Cloudpunk Review | Gamemag

A distant future with brutal corporations and cloud-going cities rolling into a pit of technological apocalypse is becoming increasingly popular.

Cloudpunk from studio Ion lands uses still trendy pixel graphics and combines it with the grim worlds of Philip K. Dick.

In the role of the emigrant girl of Rania, you arrive in the futuristic metropolis Nivalis, where androids and people coexist on the busy streets, and the city is divided into levels according to social status.

Trying to make a living, Rania sells the body of her beloved android and gets a job in the illegal Cloudpunk delivery service. Delivering packages to different clients, the heroine gets acquainted with the city, its inhabitants and gradually learns the details of the global conspiracy associated with the rebellious AI.
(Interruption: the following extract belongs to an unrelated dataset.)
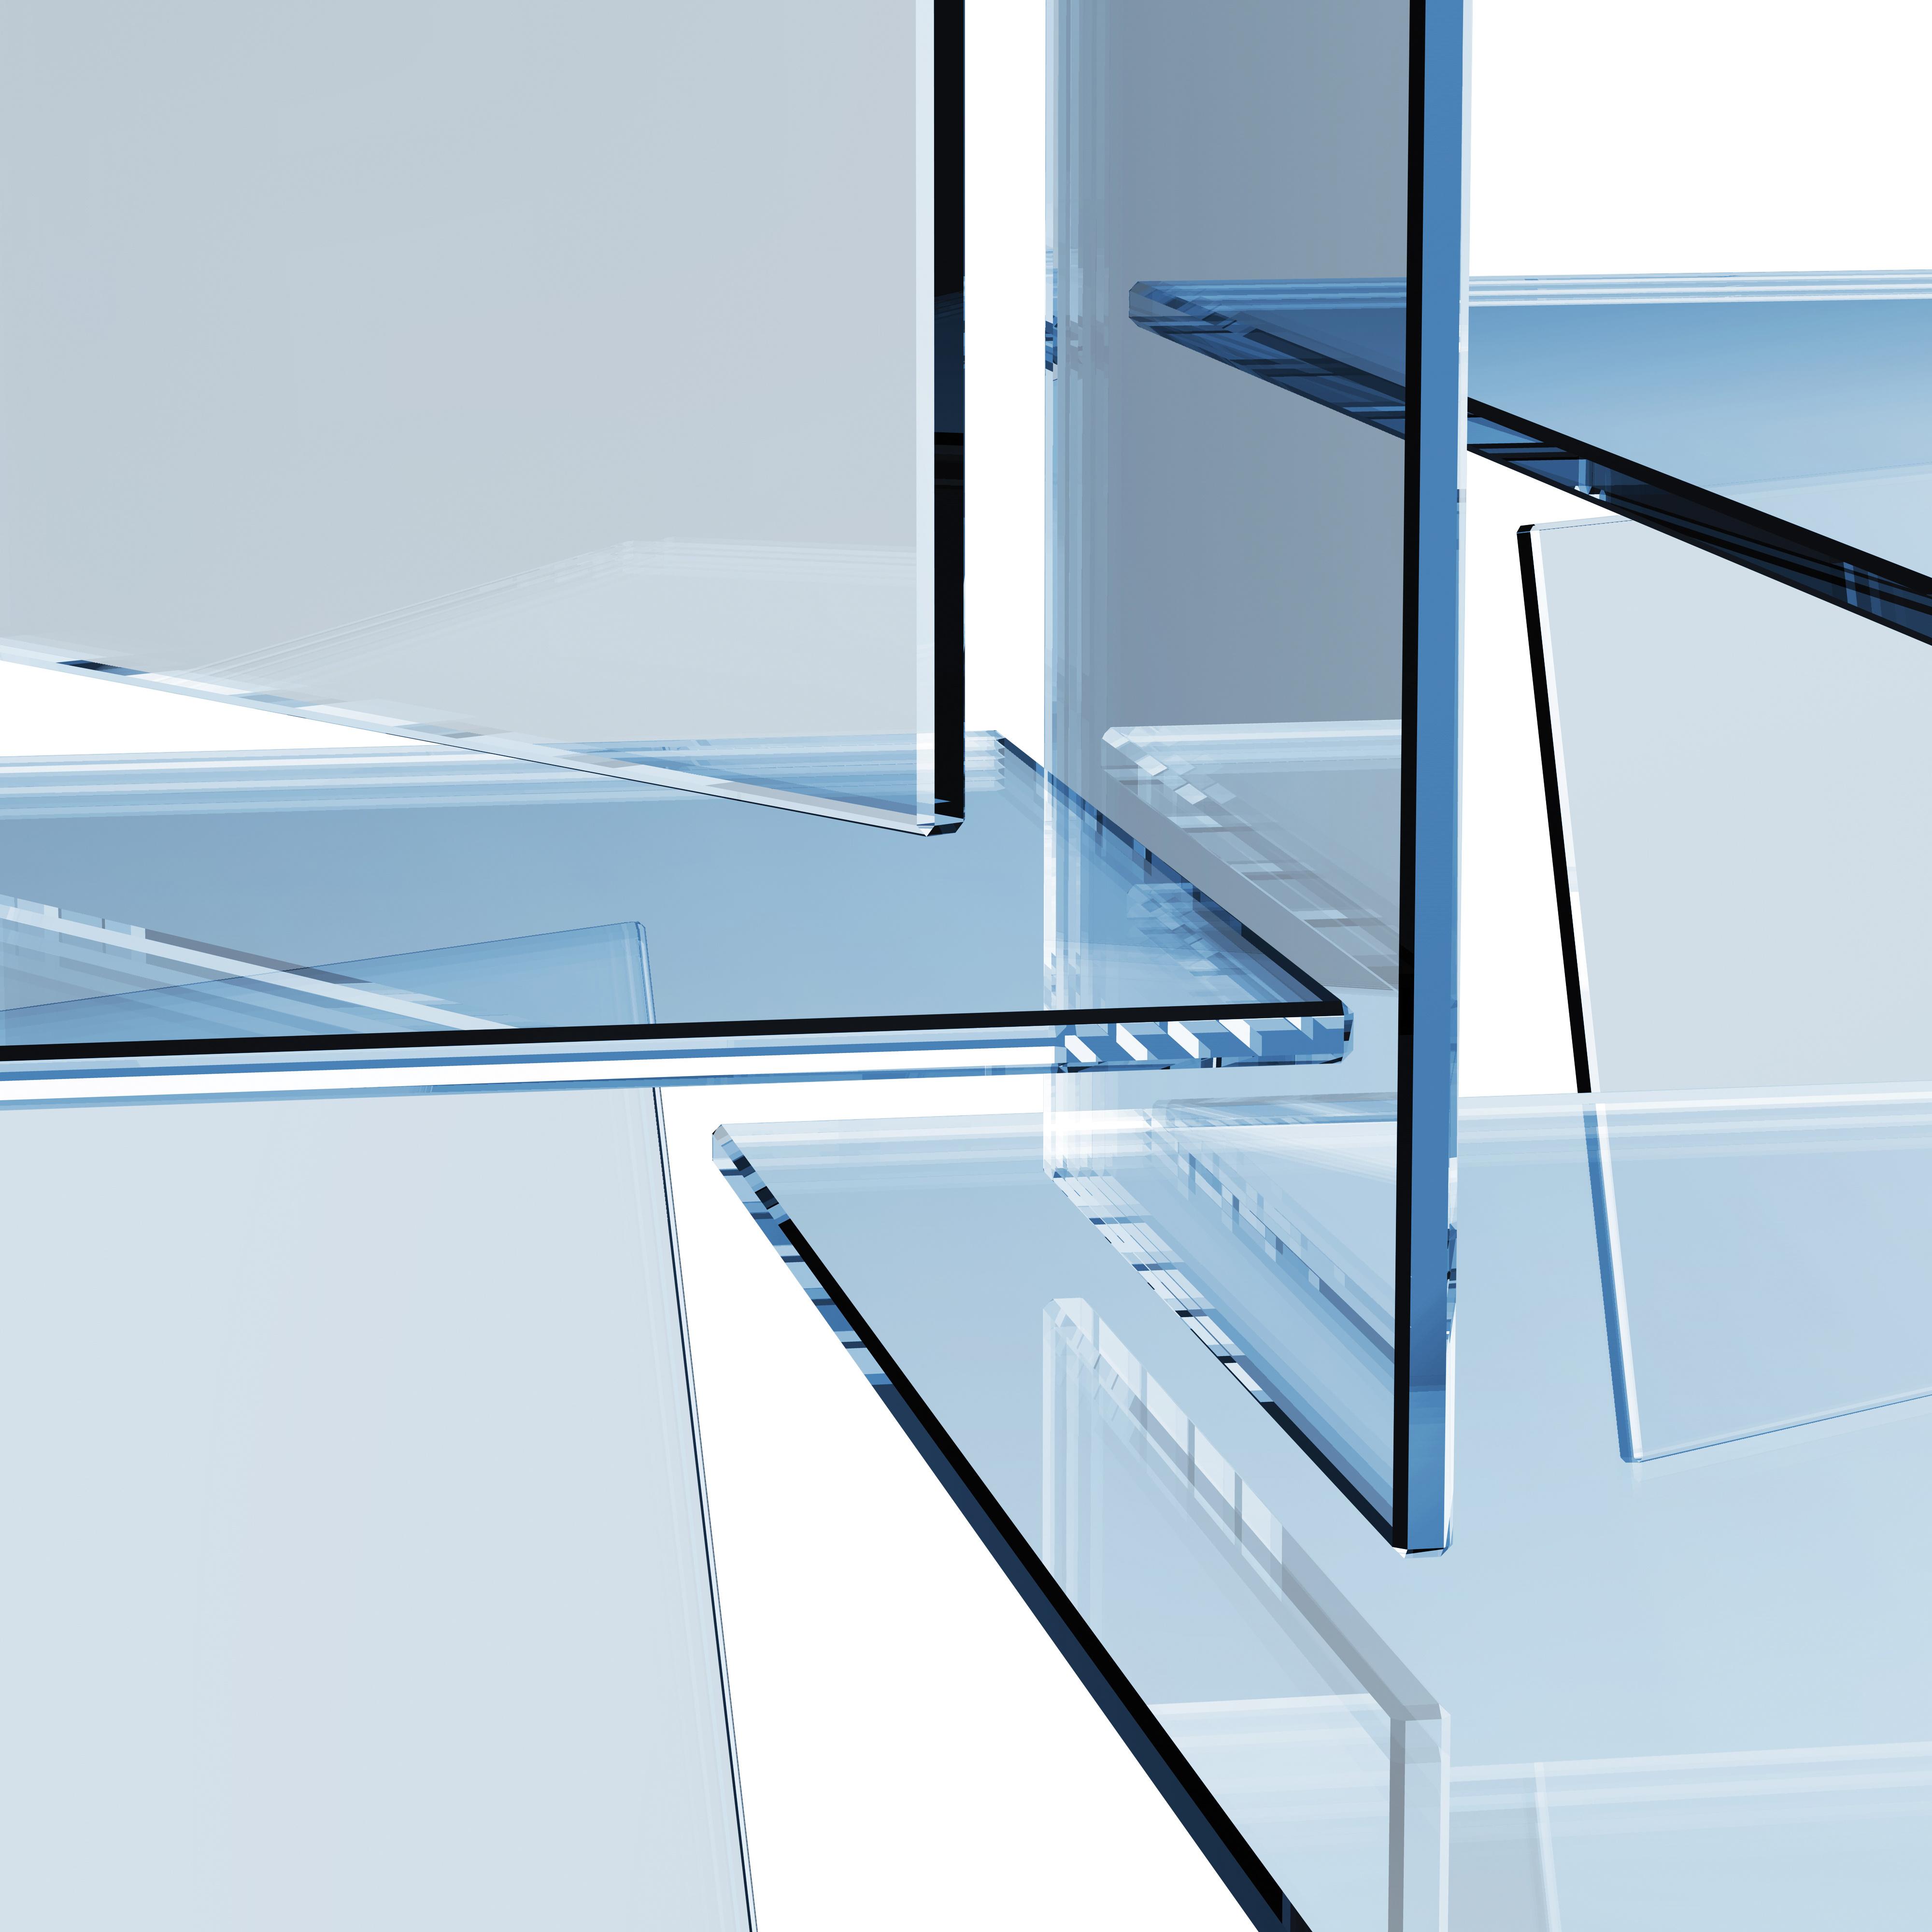 Remplacement de tous types de verres : Float, vitrage isolant, verre de sécurité, feuilleté, trempé, etc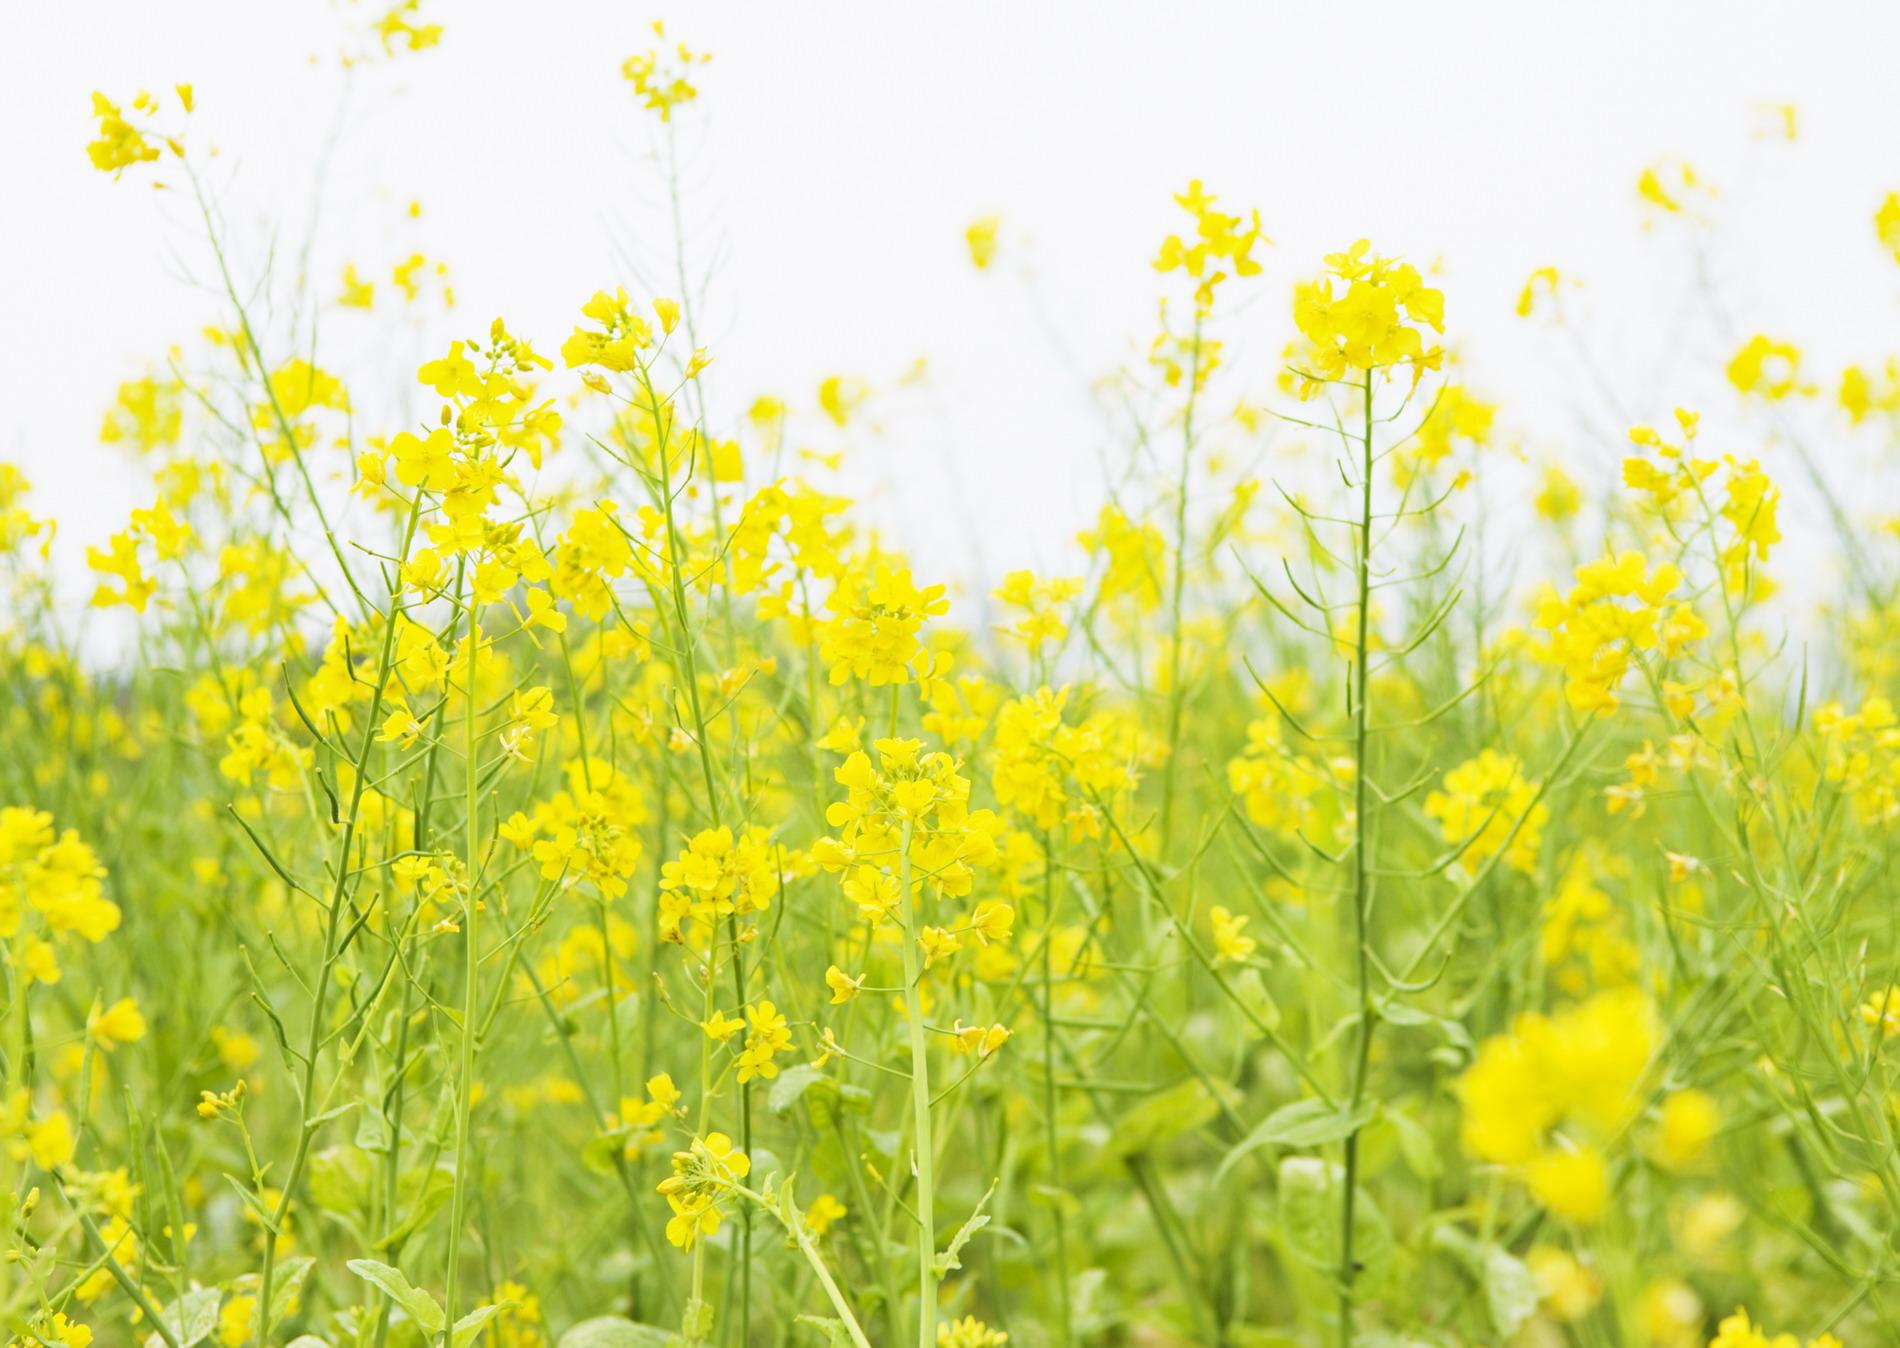 желтые цветы фото с названиями полевые появляется сухость

Using a game model very similar to Death stranding, the authors tell individual stories through item delivery and numerous dialogues.

You can get a ticking mechanism in an opaque box as a load or get acquainted with a colony of androids who are looking for a new meaning in life after the death of their creator.

Sometimes you try to help wealthy customers bring an expensive painting or deliver pizza for a white-collar worker. You are haunted by corporate security services and various criminal gangs, but all this variety of opportunities remains unused.

Most of the stories break short, some disappoint, and the choice is rare and very limited.

Some of the characters are cross-cutting, but the plots with them do not seem open or maximally realized.

Plus, the mechanics themselves with a search for parking and then a walking route through numerous elevators and floors are tiring. As well as skipped dialogs with artificial intelligence, because of which you can not find out the next route point or talk with the seller for a long time.

With the new patch, the game offers a choice between first and third person views while traveling across the earth. And this one is very convenient, considering not the most successful level planning.